Saturday, March 7, 2009

Watchmen

Oh, I so enjoyed this movie.

Oh, it's so going to fail at the box office, beyond fan boys seeing it over and over.

Comic lovers finally have exactly what they wanted, a movie that stays as true as possible to the source material over the length of the movie. Sure, there are some things missing—the Tales of the Black Freighter story is not even mentioned, the ending is different (had to be, keeping in mind the amount of thought most people spend watching movies), Laurie doesn't smoke—all of these make sense, and the movie is still more than two and a half hours long. But all the things that separate the comic Watchmen from the standard fare are what is going to keep mainstream movie-goers from enjoying this movie. Some will go, and they'll be unhappy, and word of mouth will just kill it. I expect this to be out of the big theatres in about four or five weeks, if the people in the audience at my showing are any indication.

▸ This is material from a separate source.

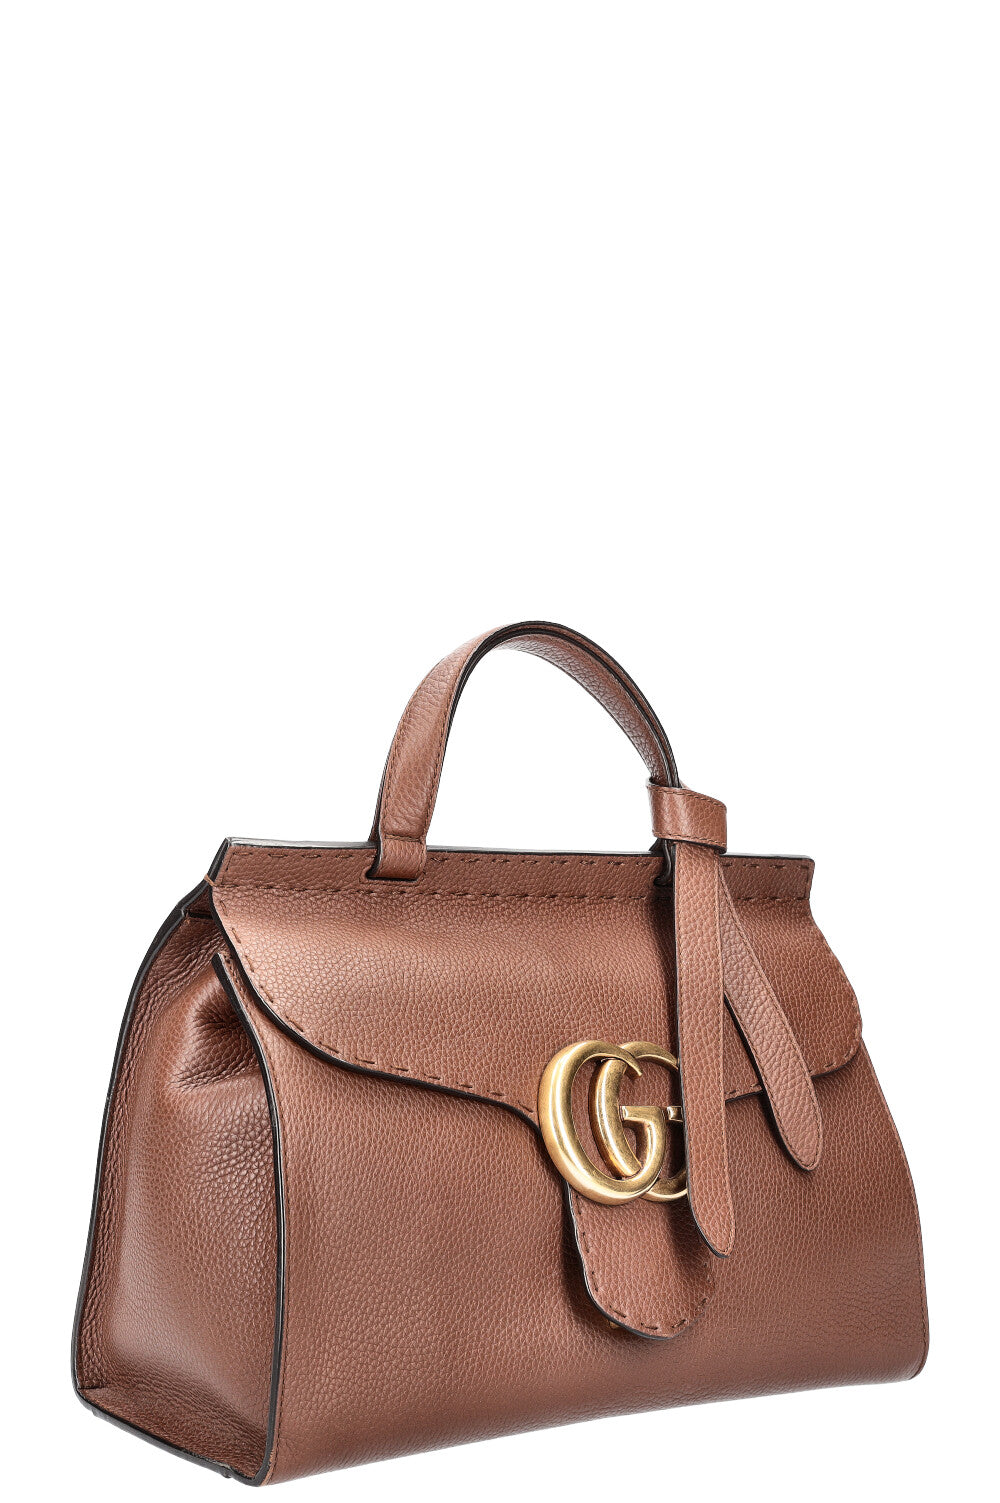 Gucci GG Marmont Leather Top Handle Bag - Nut Brown Leather

Basically, the general movie-going public thinks they know everything there is to know about comics. They can name characters and maybe even identify them when they see them. And they believe that the plot and movement of stories is so simplistic that you really don't have to know very much or even THINK very much while reading. So comic-based entertainment like TV shows and movies must be the same way. And until recently, creators of those TV shows and movies did very little to dissuade that opinion. Character development is Cyclops dying or Peter Parker facing life without his Spiderman powers. (This, incidentally, is why Heroes did so well and is now falling apart. You basically tell the X-Men story using "everyday people" and audiences will eat it up. But when you start doing the time travel and relationship twists that X-Men has had over its lifetime in a period of weeks, even the most virginal of fans will see the ongoing manipulation and get bored.) But comic readers are not surprised by this kind of story-telling; these kinds of plot twists happen regularly. And so, if you will, their resistance is up and they demand bigger and better things. And Moore and Gibbons granted it, taking comics to the next level (if only briefly) by making it into literature. Steven Grant has a wonderful blog up this week on Permanent Damage about why Watchmen (the comic) is so good (http://comicbookresources.com/?page=article&id=20319). Watchmen is literary: it has character development beyond villain of the month, it has symbology, it has a freaking theme for heaven's sake. And comic fans rejoiced—Watchmen represented the potential of their medium.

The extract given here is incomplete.